I've been working with SSE for a while now, and I've seen my share of alignment issues. This, however, is beyond my understanding:
I get different alignment whether I run the program using F5 (debug) or whether I run it outside the debugger (Ctrl+F5)!
Some background info:
I'm using a wrapper for a SSE-enabled datatype - with overloaded operators and custom allocator (overloadednew
and delete
operators using _mm_malloc
and _mm_free
). But in the example below, I've managed to reduce to problem even further, i.e. the issue also happens even if I don't use the custom allocator.
As you can see below, in main() I dynamically allocate a TestClass object on the heap, which contains a SSEVector type object. I'm using a dummy float[2]
member variable to "missalign" the stack a bit.
I obtain the following output when I run with F5:
object address 00346678
_memberVariable1 address 00346678
_sseVector address 00346688
And if I run with Ctrl+F5:
object address 00345B70
_memberVariable1 address 00345B70
_sseVector address 00345B80
As you can see, the alignment is different (i.e. not 16-byte) when I run it in the debugger. Is it just a coincidence that the alignment is correct when using Ctrl-F5? I'm using Visual Studio 2010 with a new project (default settings).

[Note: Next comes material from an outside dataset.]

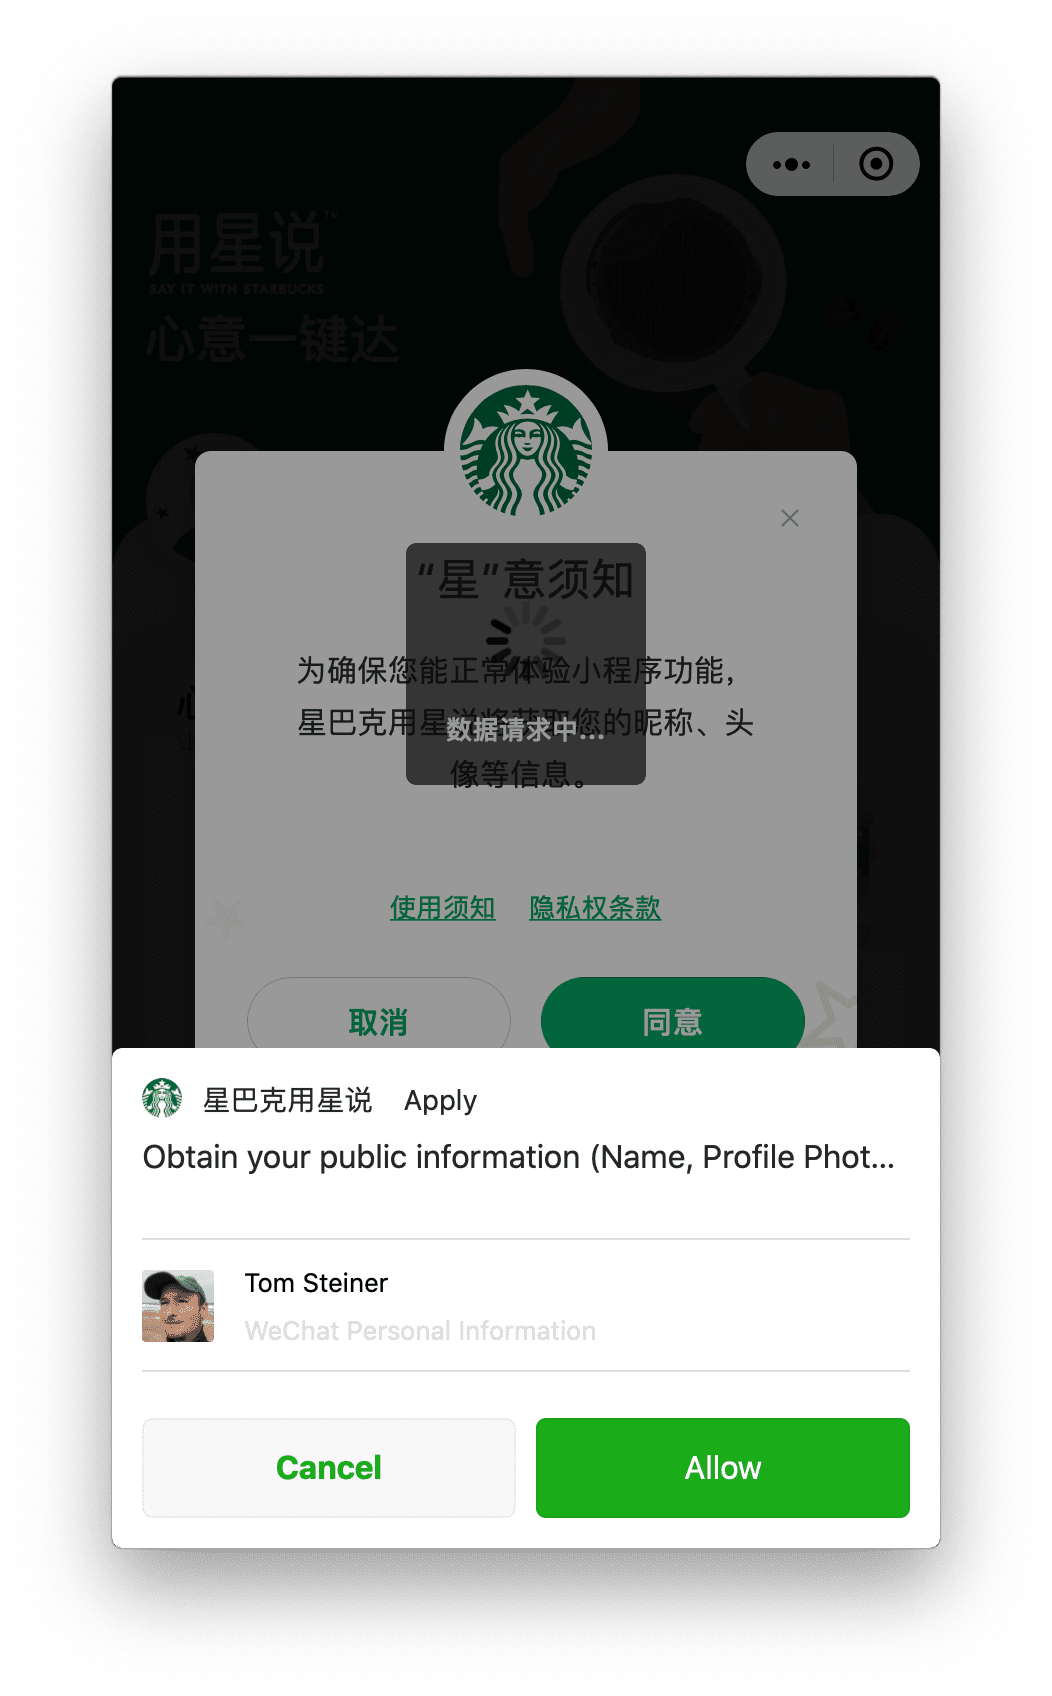 Miniaplikacja Starbucks w systemie macOS prosi o uprawnienia dotyczące profilu użytkownika, które użytkownik może przyznać za pomocą komunikatu u dołu.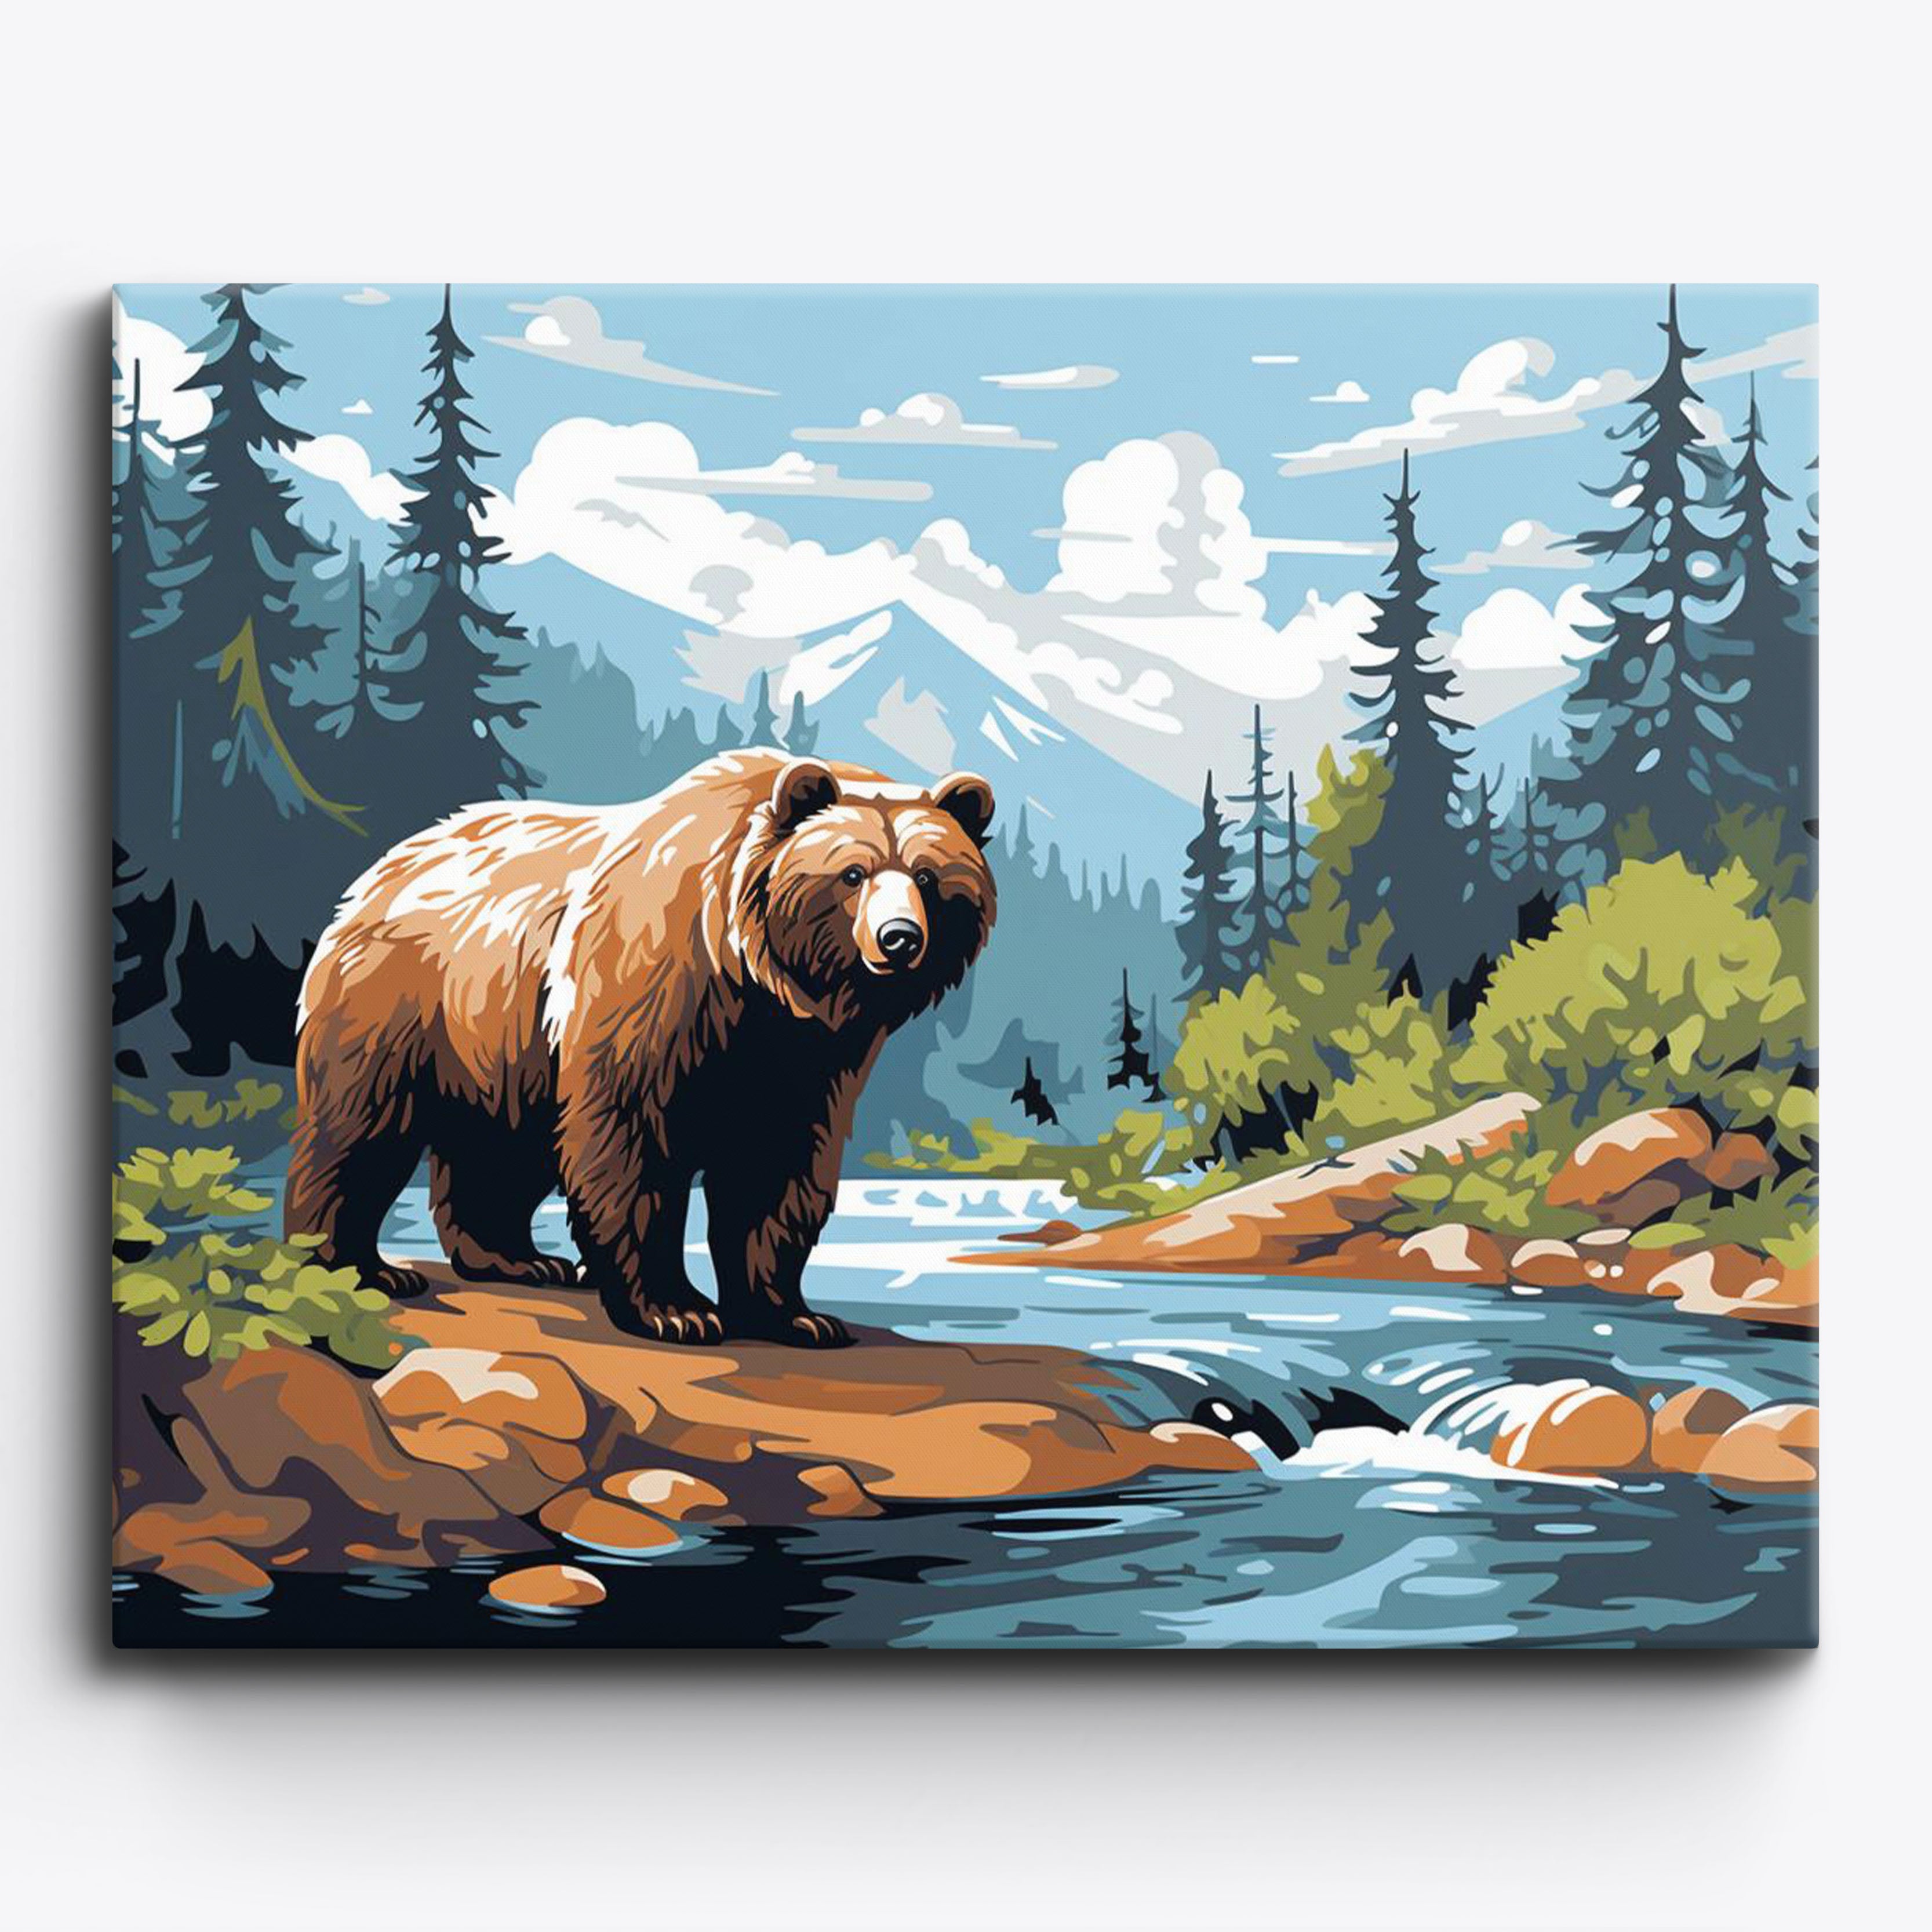 La cattura di un orso bruno

If I declare the object on the stack, i.e. TestClass myObject;
, this issue does not appear. Using __declspec(align(16))
does not help, either.
The code I used to reproduce the issue:
#include <iostream>
#include <string>
#include <xmmintrin.h> // SSE
//#include "DynAlignedAllocator.h"
//////////////////////////////////////////////////////////////
class SSEVector /*: public DynAlignedAllocator<16>*/
{
public:
SSEVector() { }
__m128 vec;
};
class TestClass
{
public:
TestClass() { }
/*__declspec(align(16))*/ float _memberVariable1 [2];
SSEVector _sseVector;
};
//////////////////////////////////////////////////////////////
int main (void)
{
TestClass* myObject = new TestClass;
std::cout << "object address " << myObject << std::endl;
std::cout << "_memberVariable1 address " << &(myObject->_memberVariable1) << std::endl;
std::cout << "_sseVector address " << &(myObject->_sseVector) << std::endl;
delete myObject;
// wait for ENTER
std::string dummy;
std::getline(std::cin, dummy);
return 0;
}
Any hints or commentaries are greatly appreciated. Thanks in advance.